# Specific 3D Printers, Scanners, & Hardware > MakerBot Forum >  Replicator 2 layer shifting on Y

## Mortar Art

I have had a problematic Y axis since I got my Replicator 2 in April. The pulley set screw on the motor was basically a rounded hole when I received the printer, and so there was an inordinate amount of movement in the belt.

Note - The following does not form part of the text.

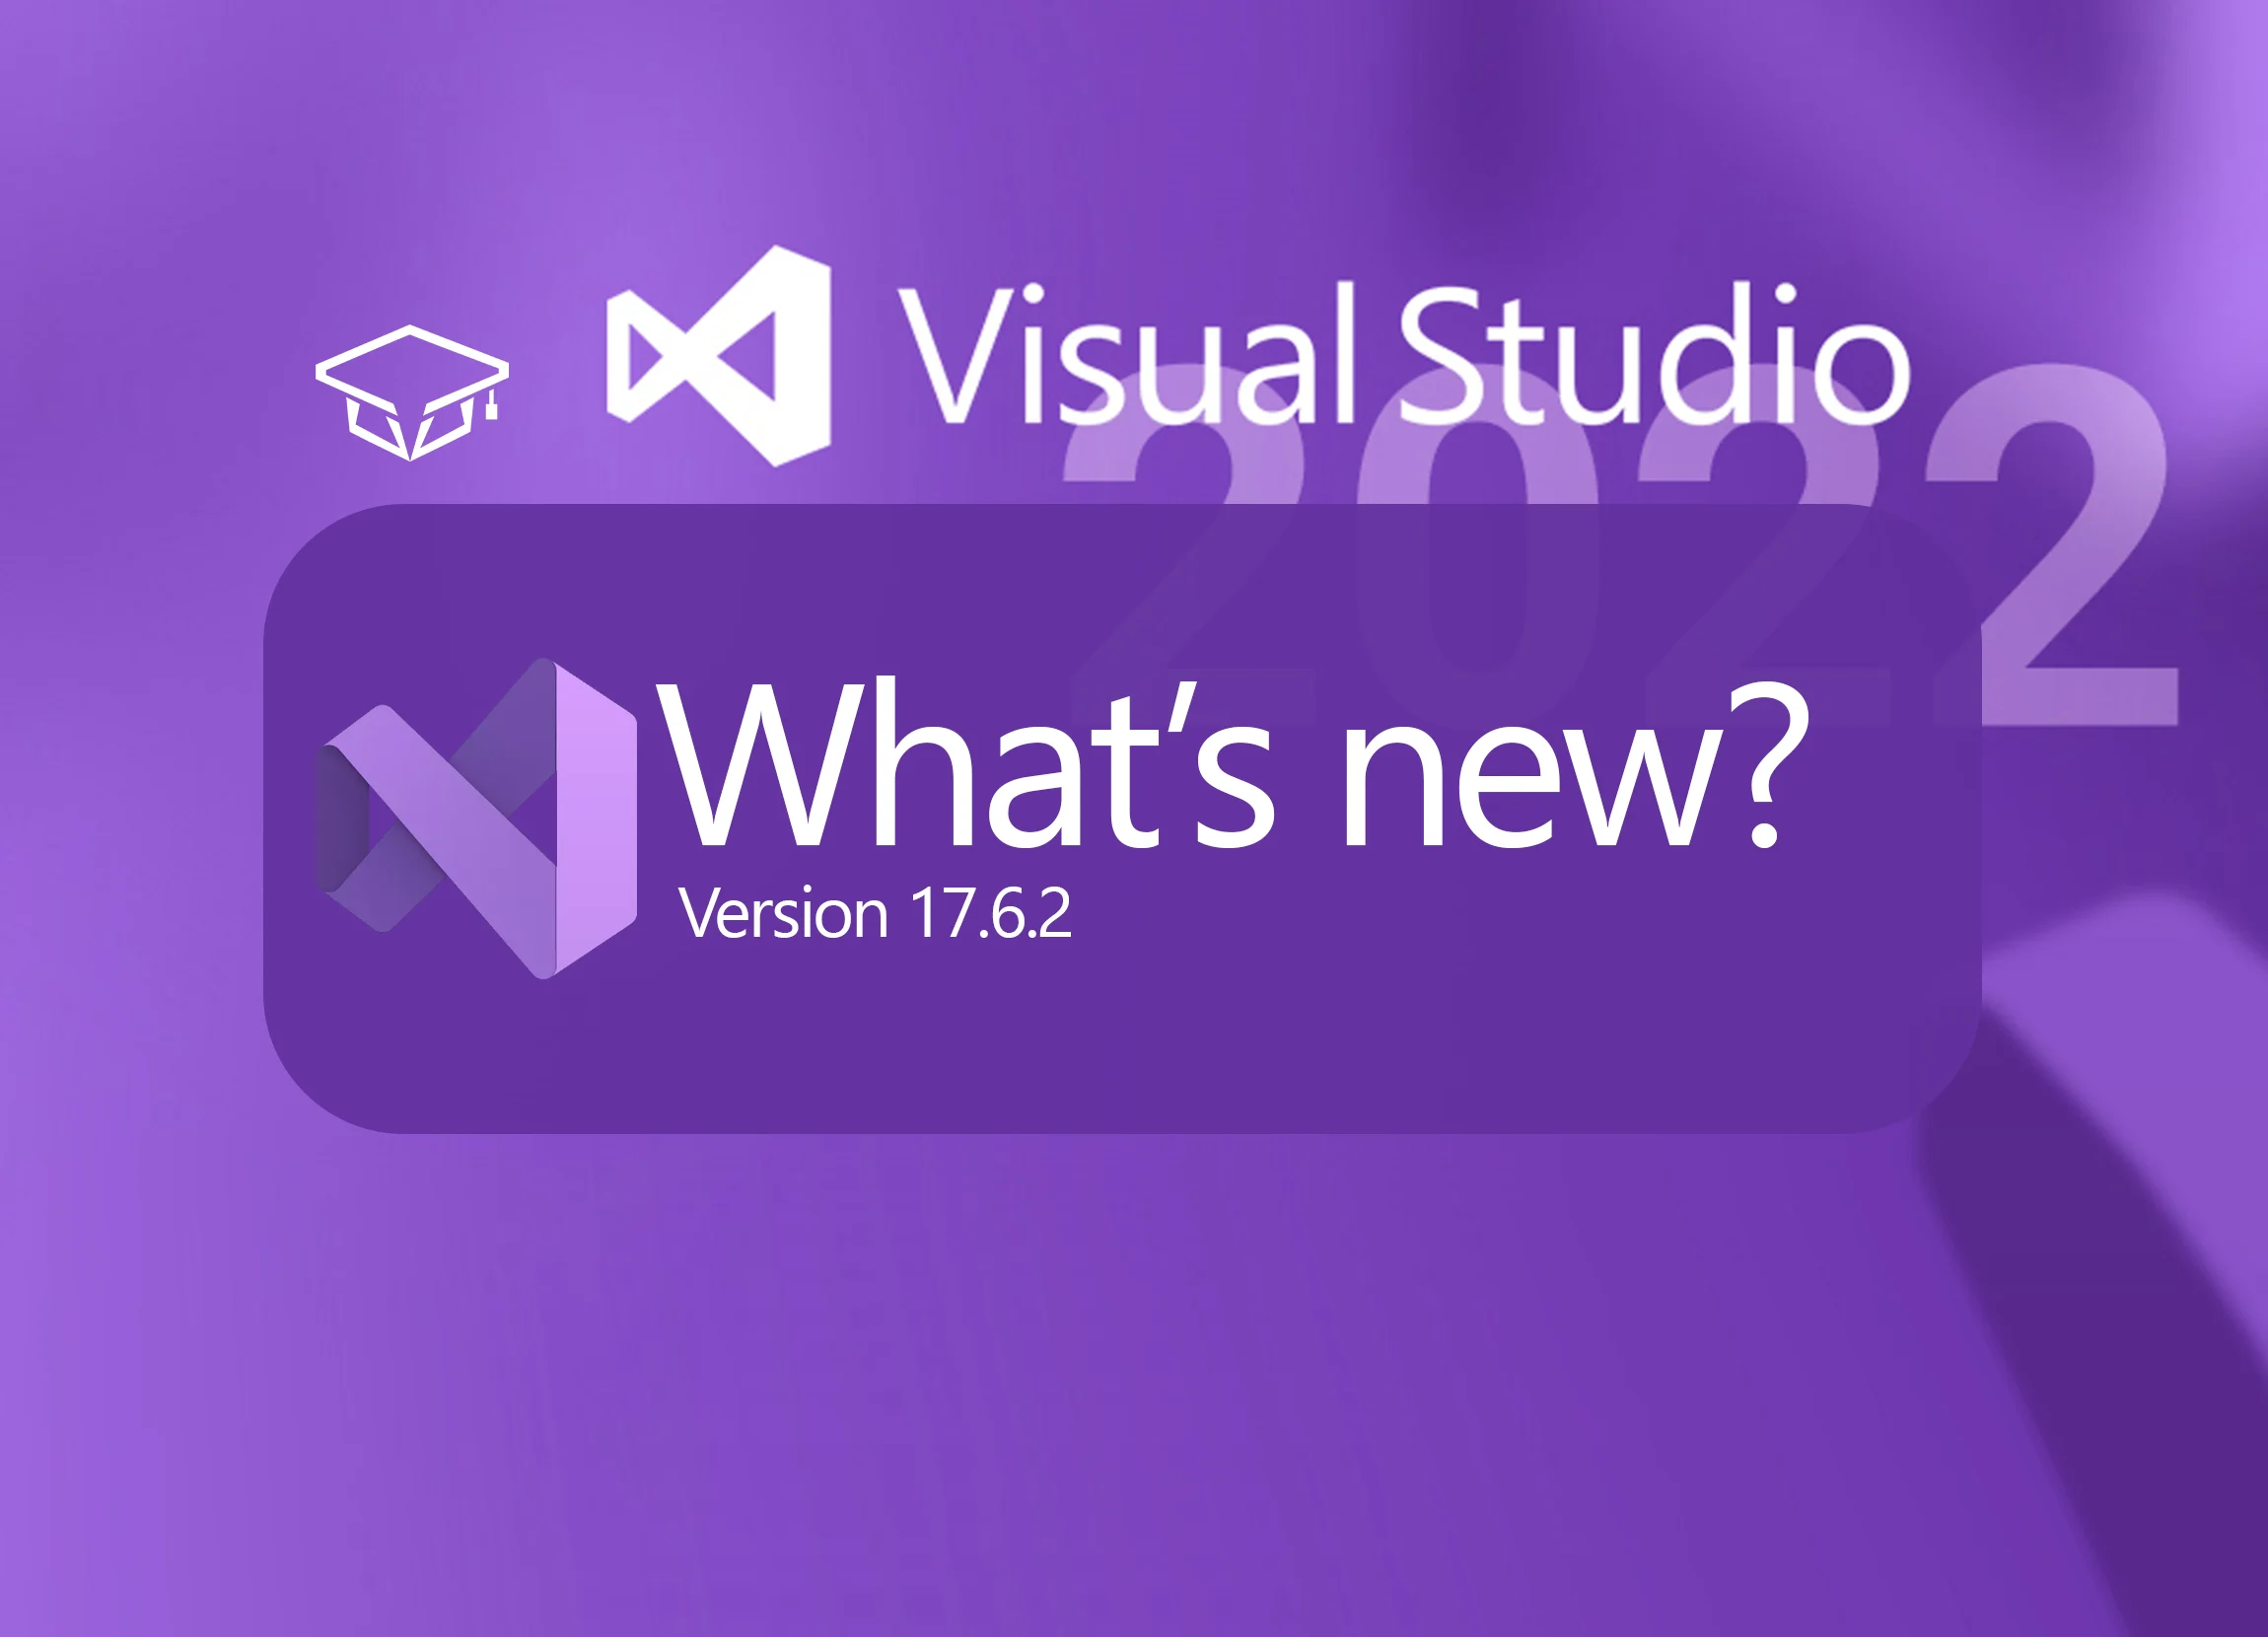 ویژگی های جدید نسخه 17.6.2 ویژوال استودیو 2022

I re-tensioned the Y-axis motor cable so many times that I split the motor bracket, and I've just replaced that, and tensioned the belt as much as I could, yet I'm still getting layer shifting in the first few layers of printing.

Below is the types of layer shift I'm getting:

1. Continued shifting for approximately 4mm Z, starting at ~40 degrees, turning a straight wall into a curve.
2. ~2mm shift between the 3rd and 4th layer of rafting.
3. Occasional jumps of ~0.5-1mm at ~4mm Z, only when using rafting

Some of the steps that I have not taken:

1. Switching the Botsteps to see if layer shift goes to X.
2. Ensuring the Y bars, that the gantry runs on are in alignment.
3. Getting someone else to tighten the Y-axis motor belt to confirm I'm doing it right.

Anyone have any experience with a range of issues, like the ones I've described?

----------